Flink Iterations vs. While loop
Posted by
Dan Drewes on
URL: http://deprecated-apache-flink-user-mailing-list-archive.369.s1.nabble.com/Flink-Iterations-vs-While-loop-tp8863.html
Hi,
for my bachelor thesis I'm testing an implementation of L-BFGS
algorithm with Flink Iterations against a version without Flink
Iterations but a casual while loop instead. Both programs use the
same Map and Reduce transformations in each iteration. It was
expected, that the performance of the Flink Iterations would scale
better with increasing size of the input data set. However, the
measured results on an ibm-power-cluster are very similar for both
versions, e.g. around 30 minutes for 200 GB data.
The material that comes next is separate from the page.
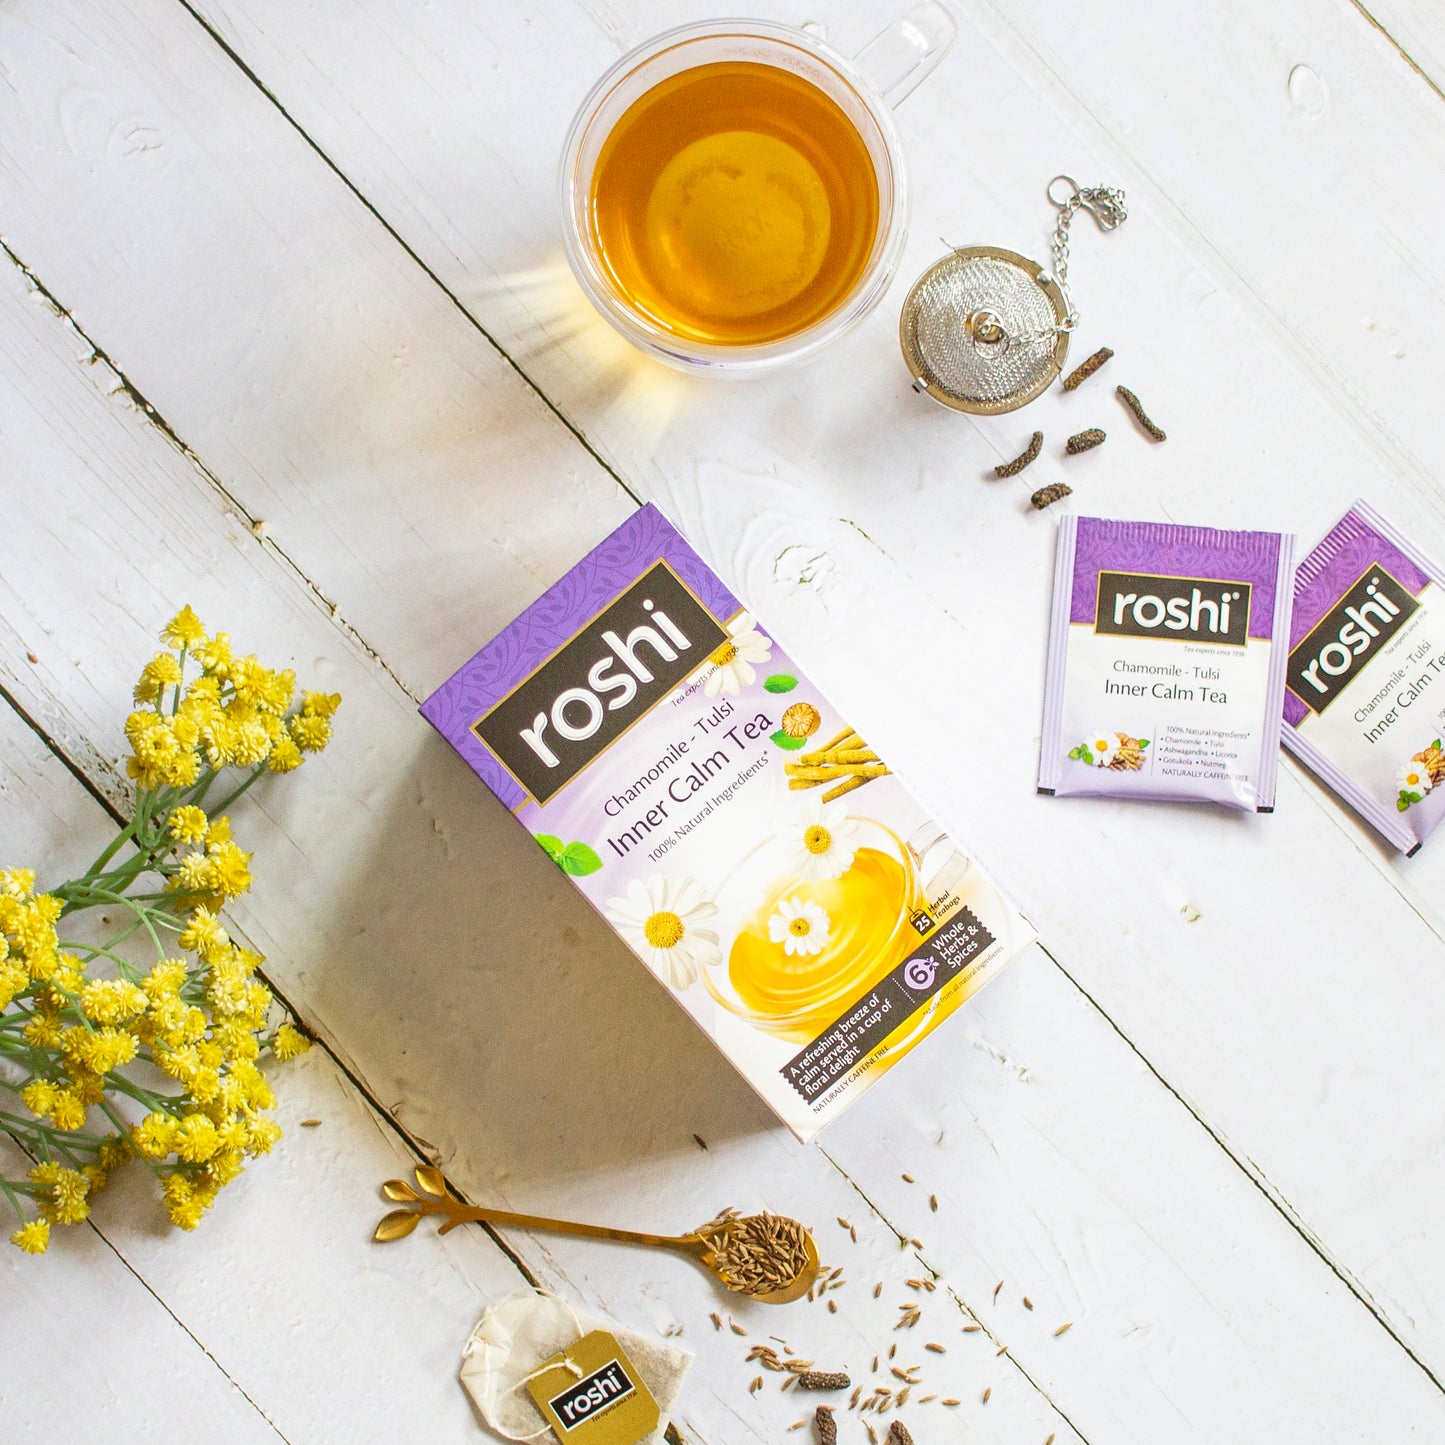 Roshi Inner Calm Tea | 25 teabags

The cluster has 8
nodes, was configured with 4 slots per node and I used a total
parallelism of 32.
In every Iteration of the while loop a new flink job is started and
I thought, that also the data would be distributed over the network
again in each iteration which should consume a significant and
measurable amount of time. Is that thought wrong or what is the
computional overhead of the flink iterations that is equalizing this
disadvantage?
I include the relevant part of both programs and also attach the
generated execution plans.
Thank you for any ideas as I could not find much about this issue in
the flink docs.
Best, Dan
Flink Iterations:
DataSet<double[]> data = ...
State state = initialState(m, initweights,0,new double[initweights.length]);
DataSet<State> statedataset = env.fromElements(state);
//start of iteration section
IterativeDataSet<State> loop= statedataset.iterate(niter);;
DataSet<State> statewithnewlossgradient = data.map(difffunction).withBroadcastSet(loop, "state")
.reduce(accumulate)
.map(new NormLossGradient(datasize))
.map(new SetLossGradient()).withBroadcastSet(loop,"state")
.map(new LBFGS());
DataSet<State> converged = statewithnewlossgradient.filter(
new FilterFunction<State>() {
@Override
public boolean filter(State value) throws Exception {
if(value.getIflag()[0] == 0){
return false;
}
return true;
}
}
);
DataSet<State> finalstate = loop.closeWith(statewithnewlossgradient,converged);
While loop:
DataSet<double[]> data =...
State state = initialState(m, initweights,0,new double[initweights.length]);
int cnt=0;
do{
LBFGS lbfgs = new LBFGS();
statedataset=data.map(difffunction).withBroadcastSet(statedataset, "state")
.reduce(accumulate)
.map(new NormLossGradient(datasize))
.map(new SetLossGradient()).withBroadcastSet(statedataset,"state")
.map(lbfgs);
cnt++;
}while (cnt<niter && statedataset.collect().get(0).getIflag()[0] != 0);